Where to Find Each Running Product
The table below maps each running product to the chapters where it appears, organized by the primary focus of each part:
| Running Product | Primary Focus | Key Chapters |
|---|---|---|
| QuickShip Logistics | Vibe coding, eval-driven requirements, cost-aware prototyping | Ch 1 (economics), Ch 5 (discovery), Ch 10-12 (vibe coding), Ch 15-16 (routing decisions), Ch 21-23 (prototype evaluation) |
| HealthMetrics Analytics | Governance, reliability, post-launch learning | Ch 1 (case study), Ch 6-8 (discovery/design), Ch 17-18 (reliability), Ch 24-25 (governance), Ch 28-30 (post-launch learning) |
| DataForge Enterprise | Architecture decisions, security, team topologies | Ch 1 (case study), Ch 7-9 (PM framing), Ch 13-14 (RAG systems), Ch 19-20 (architecture), Ch 26-27 (security patterns) |
Key artifacts in this book are not owned by one discipline. They are shared objects that change form as they move through the loop:
- Eval-first PRD: PM defines value hypothesis and acceptance logic. Vibe-coding uses it as a context packet. Engineering treats it as a system contract tied to measurement.
- User Journey: PM maps behavior and value path. Vibe-coding uses it as a scenario library for prototyping. Engineering converts it into test cases and instrumentation plan.

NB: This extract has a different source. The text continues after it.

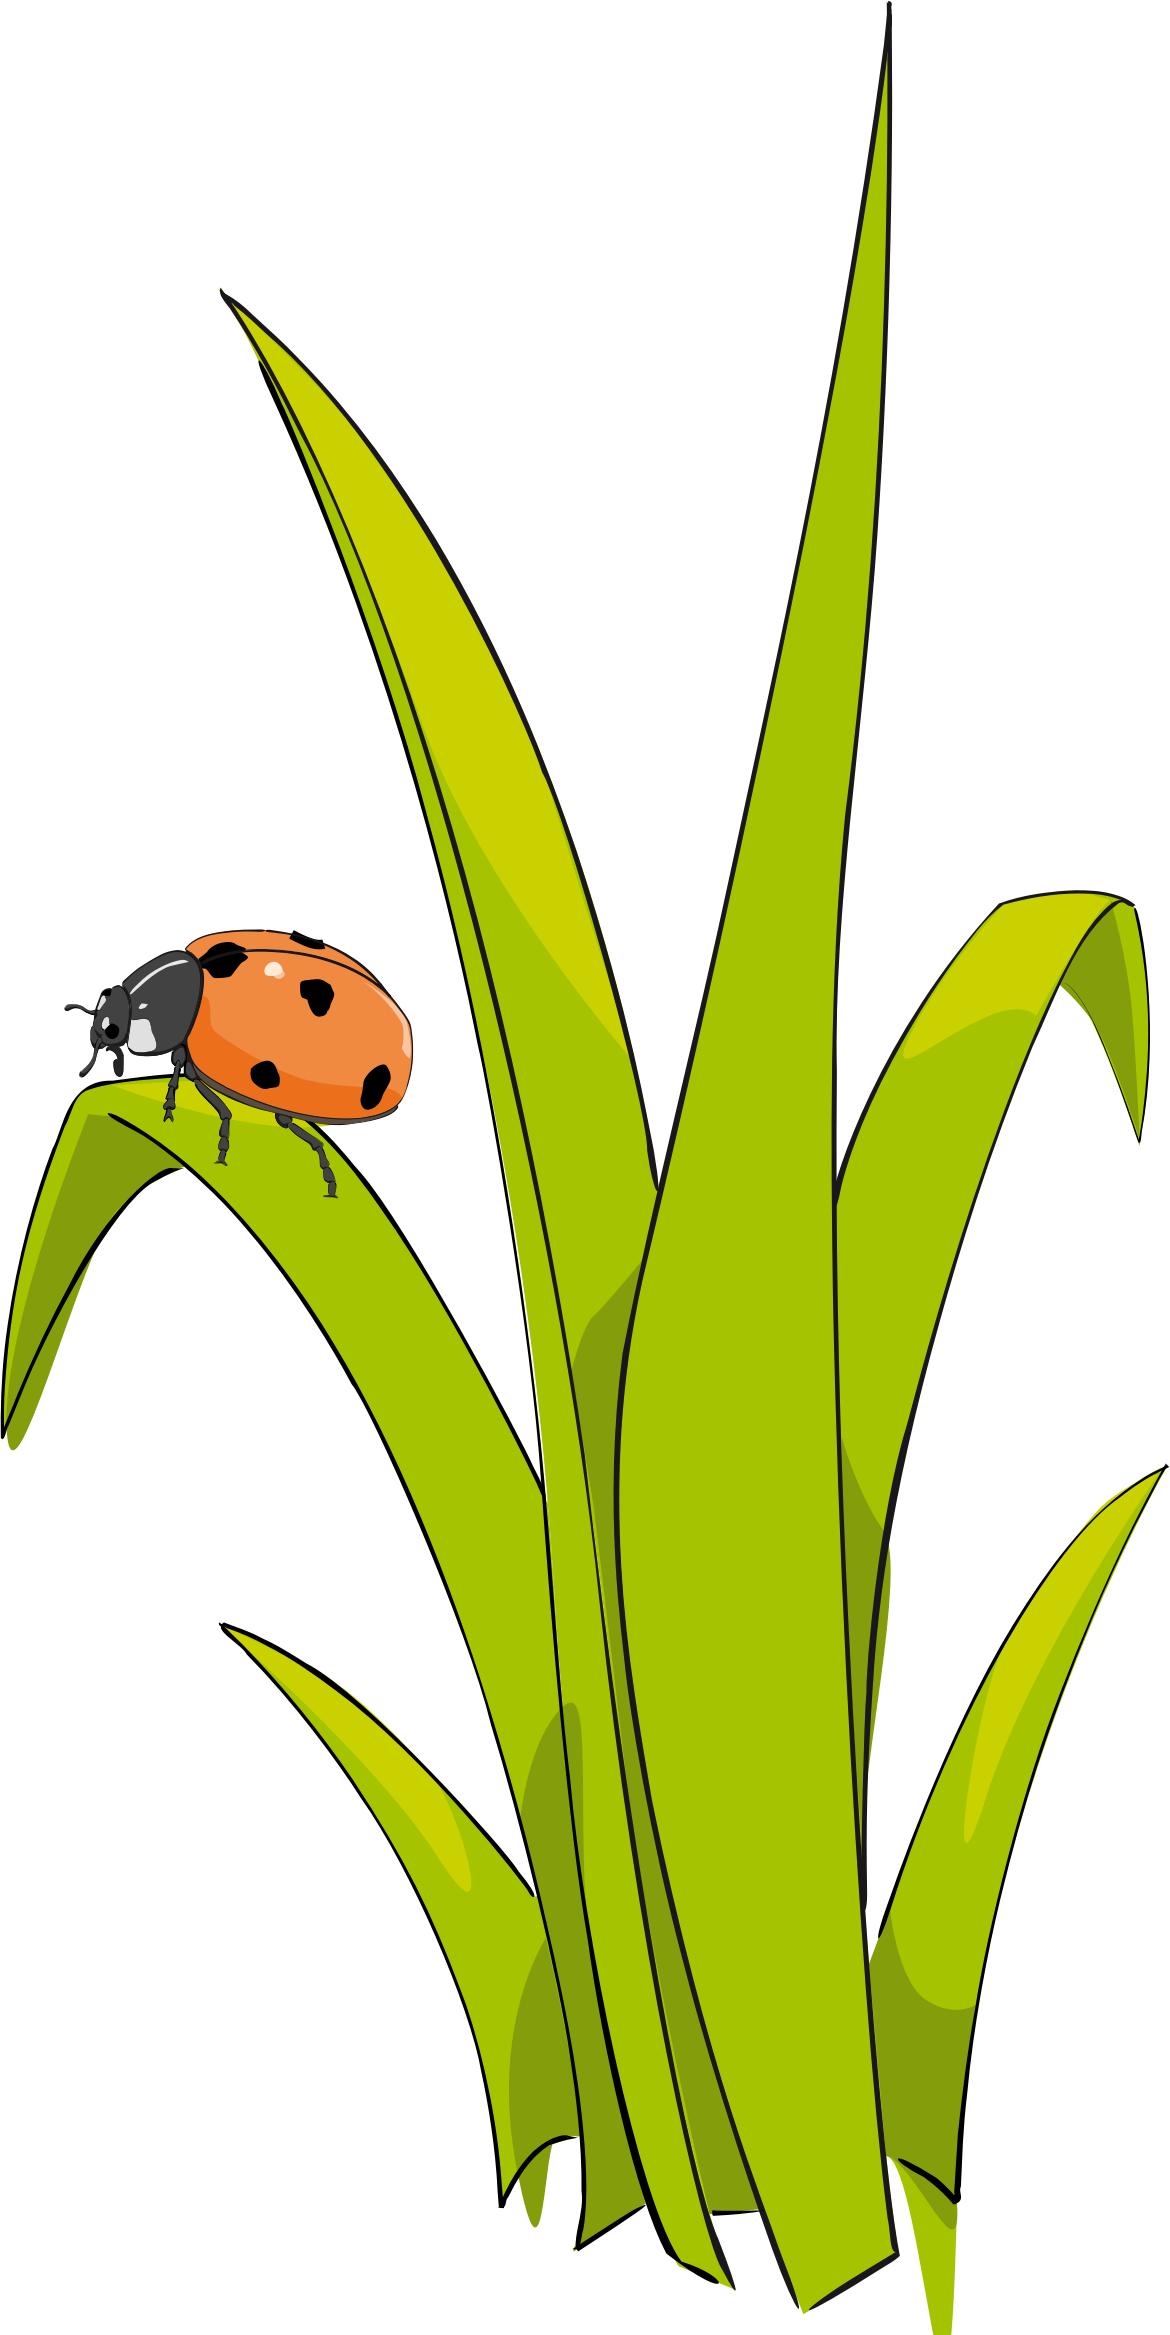 Coccinelle sur brin d-herbe - Ladybird on blade of grass. png

- Prototype Review: PM asks what changed in the opportunity. Vibe-coding records what was learned quickly and what stayed ambiguous. Engineering identifies what is now justified to harden.
- Postmortem: PM extracts product learning. Vibe-coding improves prompting and context. Engineering updates architecture and reliability patterns.
When you see an artifact in one chapter, expect to see it transformed in the next.
Anti-Patterns: How the Loop Breaks Down
The three-way interplay between framing, prototyping, and engineering is powerful, but it breaks down in predictable ways. Watch for these failure modes throughout the book:
- Deterministic requirements for probabilistic systems — Writing specifications as if outputs are guaranteed, not statistical.
- Demos mistaken for validated products — A working prototype shown once does not mean the problem is solved.
- Premature architecture — Building infrastructure before evidence justifies the complexity.
- Evaluation introduced too late — Defining quality after the product is already built.
- Launch without explicit confidence boundaries — Shipping without knowing what could go wrong and how to detect it.
- Product teams over-trusting benchmark scores — Benchmark performance does not guarantee user satisfaction.
- Engineering over-hardening ambiguous workflows — Building reliability into systems that have not been validated.
Each chapter highlights relevant anti-patterns and how to avoid them.
What Comes Next
The book follows the loop structure. Part I frames the opportunity and establishes the evidence loop as the organizing grammar. Part II shows how products are discovered and designed through the loop. Part III demonstrates how vibe coding accelerates prototyping at every stage. Part IV covers how architecture is justified by evidence. Part V formalizes evaluation as the discipline that binds all stages together. Part VI covers launching and learning. Part VII provides the capstone and teaching kit.
Chapter 1 begins with the economics of AI products and what AI can and cannot reliably do. It introduces the first of the four questions: What are we trying to learn?